The heady heights of the Irish law
The Supreme Court. The judges, the decisions, the rifts and the rivalries that have shaped Ireland by Ruadhán Mac Cormaic (Penguin Ireland, €27.99)

Some members of the Supreme Court

Joe Carroll

“We are the Supreme Court and under God we can do anything,” a judge of the court, Cecil Lavery, rebuked a young barrister who had the nerve to tell the court it did not have jurisdiction to decide a certain point. That barrister, Tom Finlay, later became a Chief Justice  and so could see for himself just how far the court could go.

For the non-legal professional, this book is  revelatory about how the justice system works in its upper reaches.  At times it reads like a thriller as the author shows how various ground-breaking cases on abortion, contraception, homosexuality, extradition, neutrality and other important issues were weighed by the judges on the Supreme Court before reaching a  decision.

The highest court was not always such an exciting place. Set up under the 1922 Constitution, the court dealt largely with technical points of law in its early decades but that would change with the fluoridation case in1963.


A Drumcondra housewife, Gladys Ryan, challenged the new law that allowed local authorities to add fluoride to the water supply to combat dental cavities in children. Eventually she lost the case in the Supreme Court, but significantly the judgement upheld the assertion by Mr Justice Kenny in the High Court that Article 40 of the Constitution on personal rights included an unspecified right to “personal integrity”, citing the papal encyclical Pacem in Terris.

The author sums up the consequences. “It was a watershed moment. The Constitution contained rights that didn’t actually appear in the text. And that meant the only people with the authority to identify them – the judges of the Supreme Court – had just made themselves immeasurably more powerful.”

It was this power which led to the campaign to insert the right to life of the unborn child into the Constitution in 1983, the famous ‘Eighth Amendment’ which is now under challenge by the pro-choice movement. The lawyers behind the pro-life movement of the early 1980s, such as William Binchy, feared that a future Supreme Court would follow the US Supreme Court in finding a right to privacy and thus to have an abortion as was ruled in the Roe vs Wade case in 1973.

It was later that year that the Irish Supreme Court heard the appeal by May McGee against the  1935 criminal law preventing her from importing contraceptives and ruled in her favour, clearly influenced by the right to privacy as decided in the US. Hence the fears of the pro-life movement.

But when David Norris challenged the 19th-Century law criminalising homosexual acts, the Supreme Court referred to the Christian nature of the Preamble to the Constitution and on this basis refused Norris a right to privacy on this issue. The European Court of Human Rights later upheld Norris’s claim and obliged the then Government to amend the law.

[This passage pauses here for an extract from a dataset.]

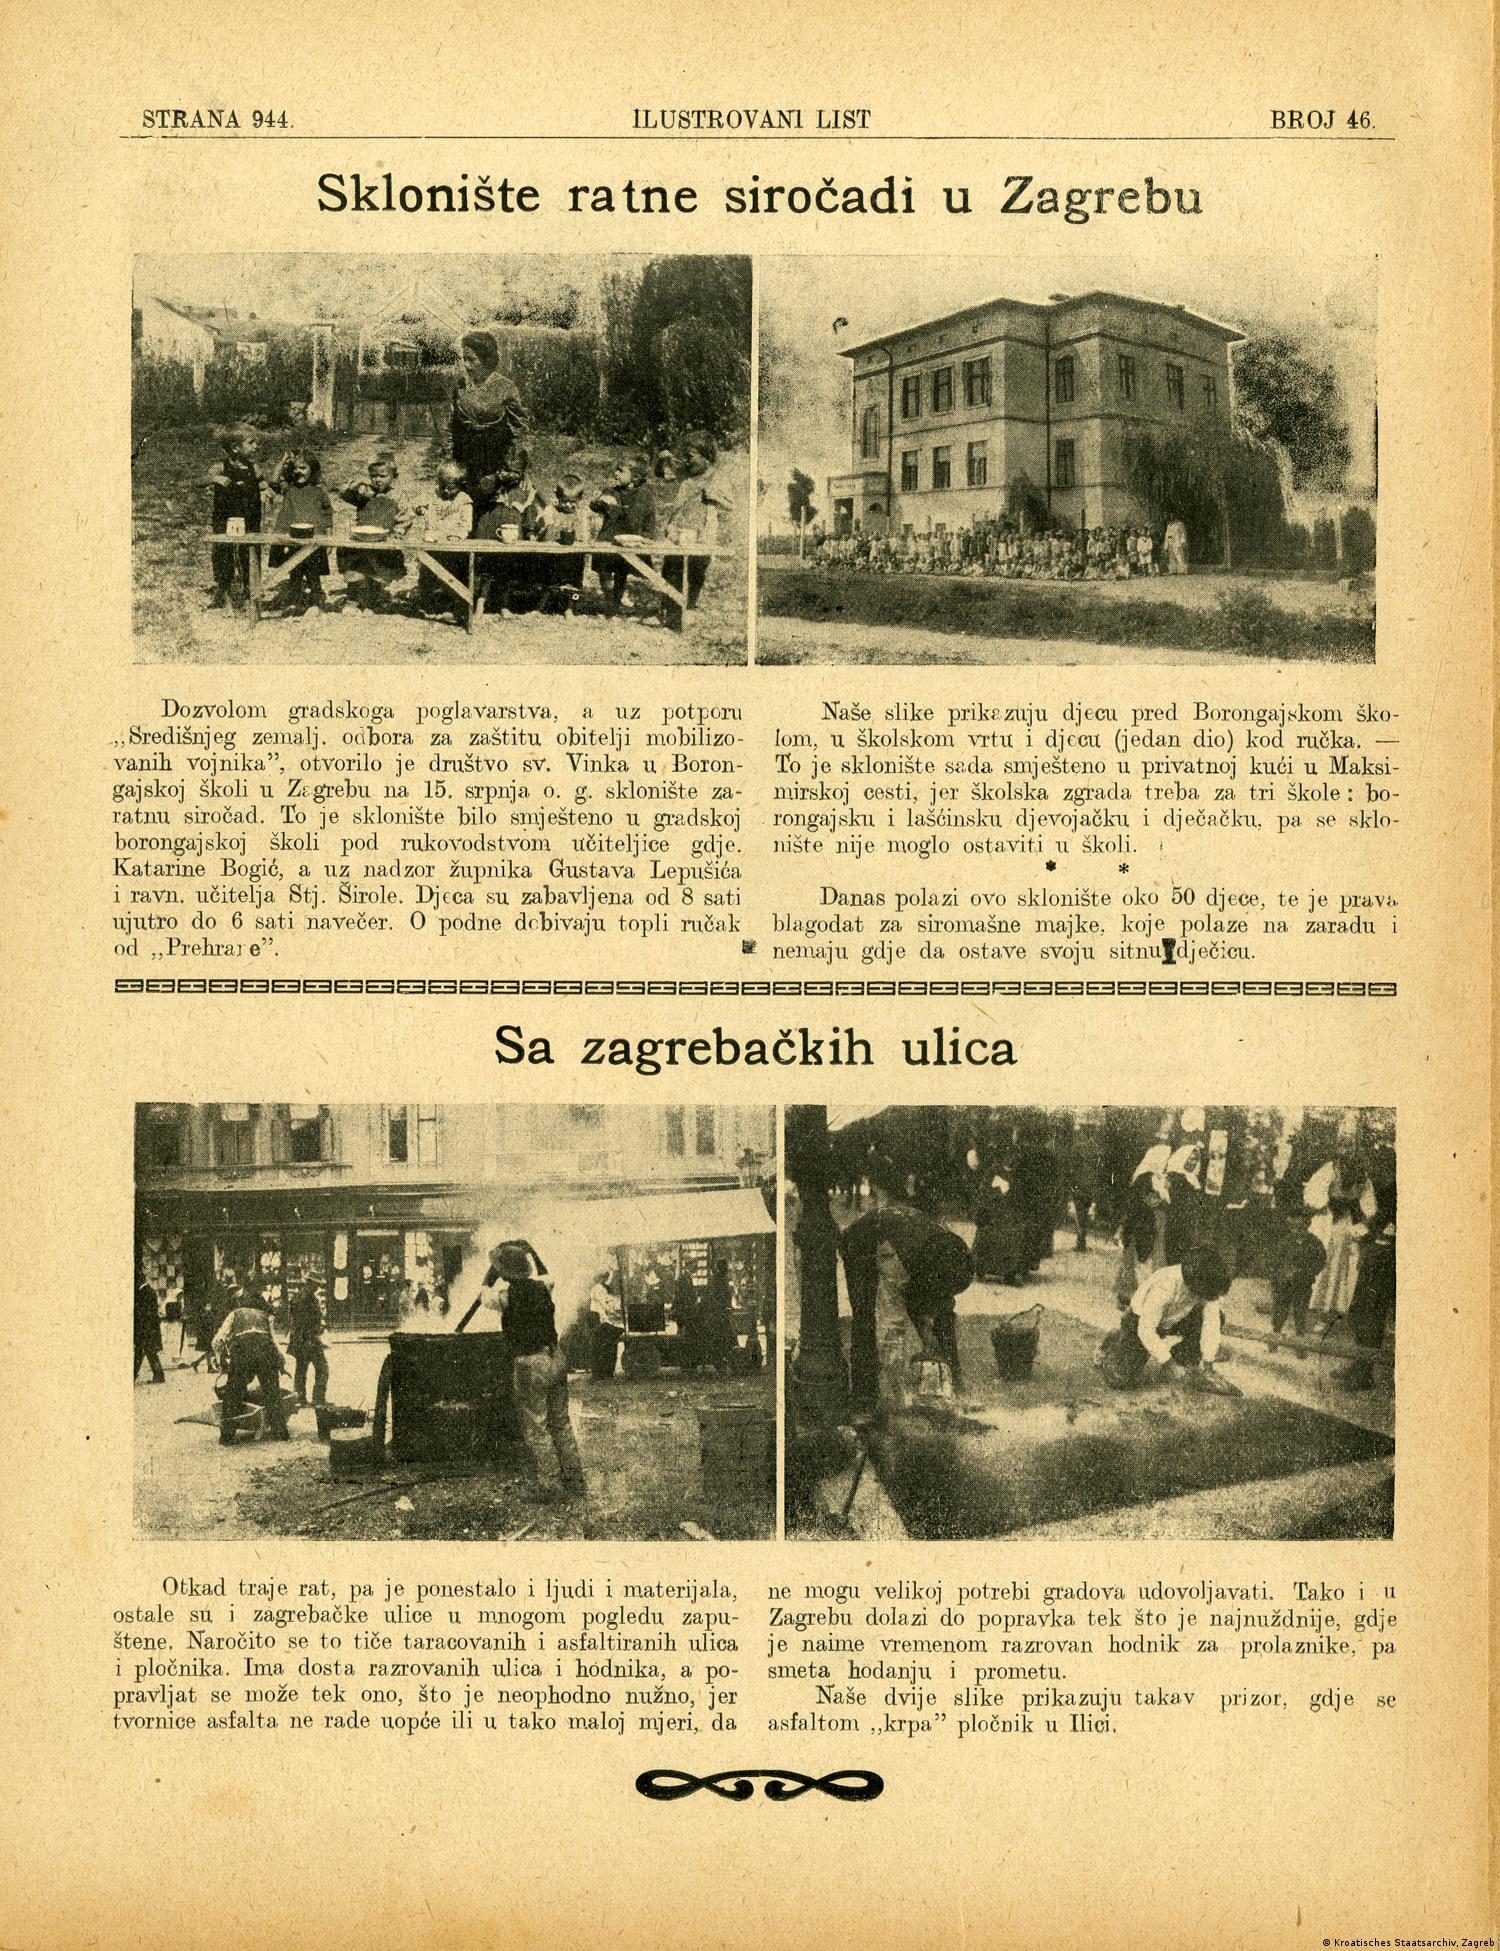 Isječak iz Ilustrovanog lista 1916. govori o životu u Zagrebu

While the Supreme Court continued to discover up to 20  personal rights not spelled out in the Constitution, the author writes that by the early 2000s a reaction was setting in against this “judicial activism” and there were no longer appeals to “natural law” and  papal encyclicals. 

One of the most outspoken opponents of judicial activism became Mr Justice Adrian Hardiman, who died earlier this year (2016), He was especially scathing in rejecting the case where the Equality Authority challenged Portmarnock golf club’s ban on female membership.


It is very interesting to follow how the  Supreme Court changed according to the judges on it. The author attributes a huge influence to the liberal approach of Cearbhail O Dalaigh and Brian Walsh from the 1960s. It is also pointed out how judges reputed to be conservative on lower courts, became advocates of unenumerated rights when appointed to the top court such as Seamus Henchy. The US influence was catching.

The author using inside sources also describes how controversy has raged over the appointment of judges – a very topical subject now – and governments’ attempts to impose pay cuts although forbidden by the Constitution.   A referendum was needed.

It is an education in itself to follow the reasoning of judges since independence in 1922. The natural law basis of judgments with appeals to papal encyclicals and Christian tenets has been abandoned as too vague. “What is natural law?” asked one judge. 

The highly-respected Niall McCarthy, who died tragically with his wife in a car accident in Spain, argued in the Norris case that the source of the Constitution was not God but “the human personality” itself.

 The Preamble still begins: “In the Name of the Most Holy Trinity from Whom is all authority and to Whom as our final end, all actions both of men and States must be referred.” 

But the Preamble is not part of the Constitution proper. So is God in it or not?